The trapping and marking technique used here to determine the burrow fidelity did not seem to alter the longevity of the burrows. The burrow longevity in the treatment group was slightly lower than in the control group under each level of human impact; however, none of these differences were significant (GLMM, p > .5 for the overall comparison of burrow longevity for marked and unmarked crabs as well as for the interaction term between control/treatment and each level of human impact). Thus, we conclude that any artifact introduced by our capture and marking procedures was minimal. We did not find any instances of a foreign crab occupying one of our focal burrows during any part of our study. This is also consistent with O. quadrata being reluctant to enter burrows that were not their own in our small experiment where we tried to elicit foreign burrow use (Chi‐squared test, X 2 = 6.4, df = 2, p = .0011). Specifically, we observed that 9 out of 10 individuals did not enter the foreign burrow that they were released next to, even though that burrow was large enough for them.

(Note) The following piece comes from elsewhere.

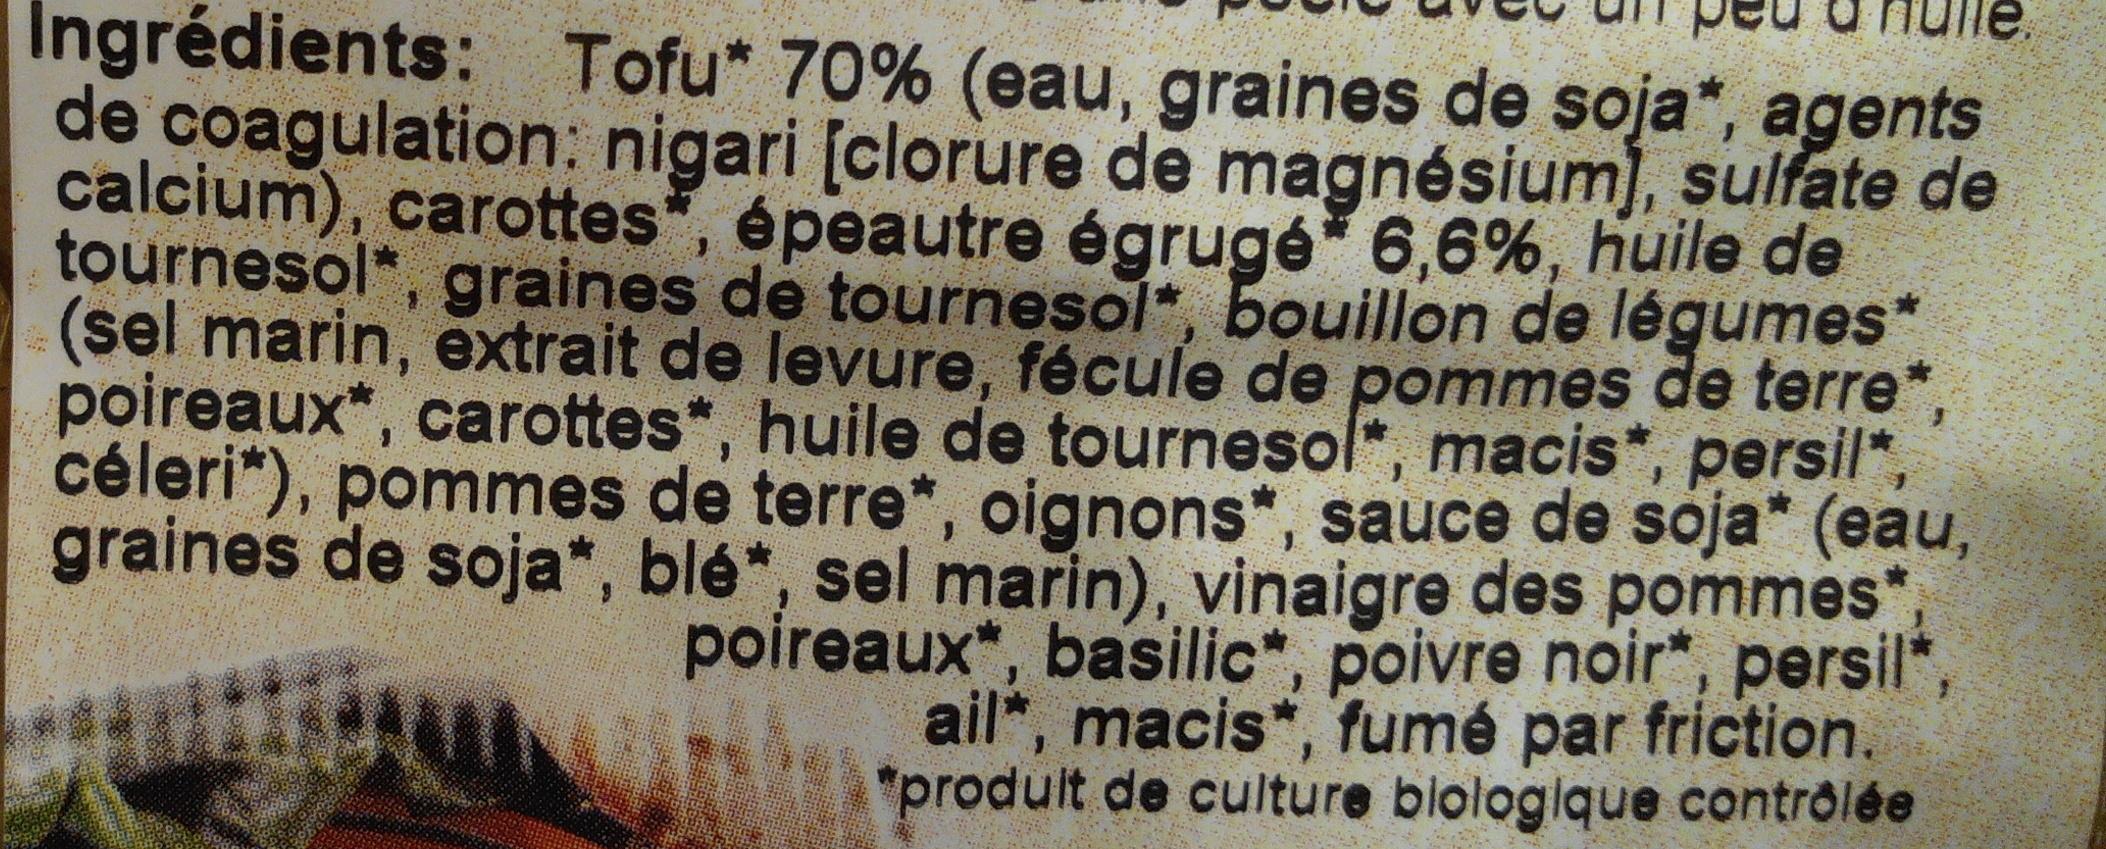 Galettes de tofu à l'épeautre - Ingredients

Only one individual entered shallowly into the foreign burrow, staying very close to the entrance, and when we disturbed it using a thin stick, it left the burrow immediately and ran away rather than receding further into the burrow. The average burrow fidelity of O. quadrata was significantly lower in pristine sites (average = 2.31 ± 0.38 day−1, range: 1–4 day−1, n = 16) compared with burrow fidelity in moderately impacted sites (average = 5.38 ± 0.87 day−1, range: 1–10 day−1, n = 13; GLMM, Z = 5.18, p < .001), highly impacted sites by people (average = 3.1 ± 0.9 day−1, range: 1–7 day−1, n = 10; GLMM, Z = 2.8, p = .005), and highly impacted sites by people and vehicles (average = 2.66 ± 0.72 day−1, range: 1–7 day−1, n = 9; GLMM, Z = 2.99, p = .002, Figure 1). We further found that larger individuals had a stronger burrow fidelity when impact levels were pooled (GLMM, Z = 5.62, p < .001, Figure 1). Burrow fidelity in O. quadrata was negatively impacted by burrow density (GLMM, Z = −4.419, p < .001) and sand compaction (GLMM, Z = −3.152, p = .0016). No impact of sand grain size on burrow fidelity was detected (GLMM, Z = −1.556, p = .11). No significant impact of the interaction terms was detected.
Figure 1

The relationship between the burrow fidelity and the burrow opening diameter at the sites with various levels of human disturbance. Burrow fidelities were observed in Waties Island (pristine site), Pawley's Island (moderately impacted site), Isle of Palm (highly impacted site by people), and Garden City Beach (highly impacted site by people and vehicles)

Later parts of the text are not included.